== TASK ==
Please copy the material under this line exactly, keeping every line.

== EXERCISE DATA ==
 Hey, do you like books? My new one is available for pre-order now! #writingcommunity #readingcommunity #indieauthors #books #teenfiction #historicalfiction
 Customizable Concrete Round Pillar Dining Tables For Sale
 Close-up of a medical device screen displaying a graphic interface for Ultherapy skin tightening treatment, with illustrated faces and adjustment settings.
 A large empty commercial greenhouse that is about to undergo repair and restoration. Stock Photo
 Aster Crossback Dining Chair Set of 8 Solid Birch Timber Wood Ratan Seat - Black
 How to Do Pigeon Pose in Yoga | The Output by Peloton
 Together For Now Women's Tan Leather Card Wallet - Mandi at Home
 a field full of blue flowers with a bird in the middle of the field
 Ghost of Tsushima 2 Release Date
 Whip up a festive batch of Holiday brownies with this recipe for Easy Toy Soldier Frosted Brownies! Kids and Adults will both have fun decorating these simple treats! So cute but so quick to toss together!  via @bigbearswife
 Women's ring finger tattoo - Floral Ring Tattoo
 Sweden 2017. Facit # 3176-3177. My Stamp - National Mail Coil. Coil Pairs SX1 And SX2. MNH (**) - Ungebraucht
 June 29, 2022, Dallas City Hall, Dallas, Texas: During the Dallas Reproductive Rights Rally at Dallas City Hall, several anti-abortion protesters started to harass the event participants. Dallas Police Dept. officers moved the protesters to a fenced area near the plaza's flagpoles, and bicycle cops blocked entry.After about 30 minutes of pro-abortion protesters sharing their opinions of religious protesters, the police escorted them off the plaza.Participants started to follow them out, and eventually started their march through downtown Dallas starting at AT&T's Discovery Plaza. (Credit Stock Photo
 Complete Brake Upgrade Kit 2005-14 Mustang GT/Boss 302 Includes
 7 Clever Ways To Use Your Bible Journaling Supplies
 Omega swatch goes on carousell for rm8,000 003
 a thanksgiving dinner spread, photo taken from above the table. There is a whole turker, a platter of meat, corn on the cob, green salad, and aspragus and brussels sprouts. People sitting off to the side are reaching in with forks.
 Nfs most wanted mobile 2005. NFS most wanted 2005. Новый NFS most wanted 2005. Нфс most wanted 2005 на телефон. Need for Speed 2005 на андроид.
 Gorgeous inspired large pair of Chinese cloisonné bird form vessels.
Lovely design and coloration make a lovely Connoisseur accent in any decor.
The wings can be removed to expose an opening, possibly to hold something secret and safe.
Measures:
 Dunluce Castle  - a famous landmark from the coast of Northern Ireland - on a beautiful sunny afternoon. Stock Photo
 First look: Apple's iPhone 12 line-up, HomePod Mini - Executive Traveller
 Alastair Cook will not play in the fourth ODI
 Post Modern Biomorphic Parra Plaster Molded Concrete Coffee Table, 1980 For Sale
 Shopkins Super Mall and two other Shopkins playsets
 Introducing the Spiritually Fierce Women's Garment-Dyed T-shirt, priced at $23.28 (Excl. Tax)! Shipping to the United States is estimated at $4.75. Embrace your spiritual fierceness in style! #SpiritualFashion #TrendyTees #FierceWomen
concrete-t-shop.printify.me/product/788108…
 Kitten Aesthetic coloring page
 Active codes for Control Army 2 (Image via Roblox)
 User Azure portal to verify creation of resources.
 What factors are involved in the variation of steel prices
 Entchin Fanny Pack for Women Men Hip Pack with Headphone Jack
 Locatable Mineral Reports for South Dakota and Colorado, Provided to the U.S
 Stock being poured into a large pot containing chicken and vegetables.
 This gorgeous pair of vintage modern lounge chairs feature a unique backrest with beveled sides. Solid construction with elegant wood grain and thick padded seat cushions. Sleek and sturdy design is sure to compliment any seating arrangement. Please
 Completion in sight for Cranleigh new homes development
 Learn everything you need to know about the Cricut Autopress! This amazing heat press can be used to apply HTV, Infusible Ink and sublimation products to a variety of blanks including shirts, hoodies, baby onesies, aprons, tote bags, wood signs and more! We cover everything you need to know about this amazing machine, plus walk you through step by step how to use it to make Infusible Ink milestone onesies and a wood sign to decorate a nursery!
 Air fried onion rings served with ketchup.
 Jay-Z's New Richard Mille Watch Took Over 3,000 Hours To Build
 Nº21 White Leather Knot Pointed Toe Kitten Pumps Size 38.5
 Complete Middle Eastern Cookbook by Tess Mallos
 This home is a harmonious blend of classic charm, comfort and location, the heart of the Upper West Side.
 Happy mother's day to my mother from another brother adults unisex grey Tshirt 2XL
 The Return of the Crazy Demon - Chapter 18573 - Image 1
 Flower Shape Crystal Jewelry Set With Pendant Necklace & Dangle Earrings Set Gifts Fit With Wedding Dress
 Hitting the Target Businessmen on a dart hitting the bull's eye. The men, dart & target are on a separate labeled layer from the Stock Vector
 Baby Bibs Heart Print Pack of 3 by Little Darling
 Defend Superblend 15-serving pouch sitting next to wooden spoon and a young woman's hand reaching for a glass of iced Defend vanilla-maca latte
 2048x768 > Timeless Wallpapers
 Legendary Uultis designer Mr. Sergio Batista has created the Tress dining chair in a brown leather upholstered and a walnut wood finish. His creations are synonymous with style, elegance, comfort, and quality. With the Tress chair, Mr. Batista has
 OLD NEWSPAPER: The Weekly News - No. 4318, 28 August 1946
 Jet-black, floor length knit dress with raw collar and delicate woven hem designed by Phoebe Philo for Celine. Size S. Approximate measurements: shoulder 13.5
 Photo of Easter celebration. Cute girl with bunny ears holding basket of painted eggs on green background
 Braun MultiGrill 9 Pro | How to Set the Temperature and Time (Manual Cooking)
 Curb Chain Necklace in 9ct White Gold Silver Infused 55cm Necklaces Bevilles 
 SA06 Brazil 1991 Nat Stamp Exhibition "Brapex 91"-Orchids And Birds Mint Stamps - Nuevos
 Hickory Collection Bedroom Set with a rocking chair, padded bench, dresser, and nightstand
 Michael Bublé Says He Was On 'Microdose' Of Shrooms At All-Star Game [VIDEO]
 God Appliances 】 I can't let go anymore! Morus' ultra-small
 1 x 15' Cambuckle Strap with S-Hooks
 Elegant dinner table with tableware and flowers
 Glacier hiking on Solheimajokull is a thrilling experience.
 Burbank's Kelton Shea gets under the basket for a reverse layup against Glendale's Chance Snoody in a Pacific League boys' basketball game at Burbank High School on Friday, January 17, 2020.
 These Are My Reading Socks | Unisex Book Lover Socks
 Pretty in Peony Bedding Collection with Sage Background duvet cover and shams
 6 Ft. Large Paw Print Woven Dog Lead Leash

== THE ANSWER ==
 Hey, do you like books? My new one is available for pre-order now! #writingcommunity #readingcommunity #indieauthors #books #teenfiction #historicalfiction
 Customizable Concrete Round Pillar Dining Tables For Sale
 Close-up of a medical device screen displaying a graphic interface for Ultherapy skin tightening treatment, with illustrated faces and adjustment settings.
 A large empty commercial greenhouse that is about to undergo repair and restoration. Stock Photo
 Aster Crossback Dining Chair Set of 8 Solid Birch Timber Wood Ratan Seat - Black
 How to Do Pigeon Pose in Yoga | The Output by Peloton
 Together For Now Women's Tan Leather Card Wallet - Mandi at Home
 a field full of blue flowers with a bird in the middle of the field
 Ghost of Tsushima 2 Release Date
 Whip up a festive batch of Holiday brownies with this recipe for Easy Toy Soldier Frosted Brownies! Kids and Adults will both have fun decorating these simple treats! So cute but so quick to toss together!  via @bigbearswife
 Women's ring finger tattoo - Floral Ring Tattoo
 Sweden 2017. Facit # 3176-3177. My Stamp - National Mail Coil. Coil Pairs SX1 And SX2. MNH (**) - Ungebraucht
 June 29, 2022, Dallas City Hall, Dallas, Texas: During the Dallas Reproductive Rights Rally at Dallas City Hall, several anti-abortion protesters started to harass the event participants. Dallas Police Dept. officers moved the protesters to a fenced area near the plaza's flagpoles, and bicycle cops blocked entry.After about 30 minutes of pro-abortion protesters sharing their opinions of religious protesters, the police escorted them off the plaza.Participants started to follow them out, and eventually started their march through downtown Dallas starting at AT&T's Discovery Plaza. (Credit Stock Photo
 Complete Brake Upgrade Kit 2005-14 Mustang GT/Boss 302 Includes
 7 Clever Ways To Use Your Bible Journaling Supplies
 Omega swatch goes on carousell for rm8,000 003
 a thanksgiving dinner spread, photo taken from above the table. There is a whole turker, a platter of meat, corn on the cob, green salad, and aspragus and brussels sprouts. People sitting off to the side are reaching in with forks.
 Nfs most wanted mobile 2005. NFS most wanted 2005. Новый NFS most wanted 2005. Нфс most wanted 2005 на телефон. Need for Speed 2005 на андроид.
 Gorgeous inspired large pair of Chinese cloisonné bird form vessels.
Lovely design and coloration make a lovely Connoisseur accent in any decor.
The wings can be removed to expose an opening, possibly to hold something secret and safe.
Measures:
 Dunluce Castle  - a famous landmark from the coast of Northern Ireland - on a beautiful sunny afternoon. Stock Photo
 First look: Apple's iPhone 12 line-up, HomePod Mini - Executive Traveller
 Alastair Cook will not play in the fourth ODI
 Post Modern Biomorphic Parra Plaster Molded Concrete Coffee Table, 1980 For Sale
 Shopkins Super Mall and two other Shopkins playsets
 Introducing the Spiritually Fierce Women's Garment-Dyed T-shirt, priced at $23.28 (Excl. Tax)! Shipping to the United States is estimated at $4.75. Embrace your spiritual fierceness in style! #SpiritualFashion #TrendyTees #FierceWomen
concrete-t-shop.printify.me/product/788108…
 Kitten Aesthetic coloring page
 Active codes for Control Army 2 (Image via Roblox)
 User Azure portal to verify creation of resources.
 What factors are involved in the variation of steel prices
 Entchin Fanny Pack for Women Men Hip Pack with Headphone Jack
 Locatable Mineral Reports for South Dakota and Colorado, Provided to the U.S
 Stock being poured into a large pot containing chicken and vegetables.
 This gorgeous pair of vintage modern lounge chairs feature a unique backrest with beveled sides. Solid construction with elegant wood grain and thick padded seat cushions. Sleek and sturdy design is sure to compliment any seating arrangement. Please
 Completion in sight for Cranleigh new homes development
 Learn everything you need to know about the Cricut Autopress! This amazing heat press can be used to apply HTV, Infusible Ink and sublimation products to a variety of blanks including shirts, hoodies, baby onesies, aprons, tote bags, wood signs and more! We cover everything you need to know about this amazing machine, plus walk you through step by step how to use it to make Infusible Ink milestone onesies and a wood sign to decorate a nursery!
 Air fried onion rings served with ketchup.
 Jay-Z's New Richard Mille Watch Took Over 3,000 Hours To Build
 Nº21 White Leather Knot Pointed Toe Kitten Pumps Size 38.5
 Complete Middle Eastern Cookbook by Tess Mallos
 This home is a harmonious blend of classic charm, comfort and location, the heart of the Upper West Side.
 Happy mother's day to my mother from another brother adults unisex grey Tshirt 2XL
 The Return of the Crazy Demon - Chapter 18573 - Image 1
 Flower Shape Crystal Jewelry Set With Pendant Necklace & Dangle Earrings Set Gifts Fit With Wedding Dress
 Hitting the Target Businessmen on a dart hitting the bull's eye. The men, dart & target are on a separate labeled layer from the Stock Vector
 Baby Bibs Heart Print Pack of 3 by Little Darling
 Defend Superblend 15-serving pouch sitting next to wooden spoon and a young woman's hand reaching for a glass of iced Defend vanilla-maca latte
 2048x768 > Timeless Wallpapers
 Legendary Uultis designer Mr. Sergio Batista has created the Tress dining chair in a brown leather upholstered and a walnut wood finish. His creations are synonymous with style, elegance, comfort, and quality. With the Tress chair, Mr. Batista has
 OLD NEWSPAPER: The Weekly News - No. 4318, 28 August 1946
 Jet-black, floor length knit dress with raw collar and delicate woven hem designed by Phoebe Philo for Celine. Size S. Approximate measurements: shoulder 13.5
 Photo of Easter celebration. Cute girl with bunny ears holding basket of painted eggs on green background
 Braun MultiGrill 9 Pro | How to Set the Temperature and Time (Manual Cooking)
 Curb Chain Necklace in 9ct White Gold Silver Infused 55cm Necklaces Bevilles 
 SA06 Brazil 1991 Nat Stamp Exhibition "Brapex 91"-Orchids And Birds Mint Stamps - Nuevos
 Hickory Collection Bedroom Set with a rocking chair, padded bench, dresser, and nightstand
 Michael Bublé Says He Was On 'Microdose' Of Shrooms At All-Star Game [VIDEO]
 God Appliances 】 I can't let go anymore! Morus' ultra-small
 1 x 15' Cambuckle Strap with S-Hooks
 Elegant dinner table with tableware and flowers
 Glacier hiking on Solheimajokull is a thrilling experience.
 Burbank's Kelton Shea gets under the basket for a reverse layup against Glendale's Chance Snoody in a Pacific League boys' basketball game at Burbank High School on Friday, January 17, 2020.
 These Are My Reading Socks | Unisex Book Lover Socks
 Pretty in Peony Bedding Collection with Sage Background duvet cover and shams
 6 Ft. Large Paw Print Woven Dog Lead Leash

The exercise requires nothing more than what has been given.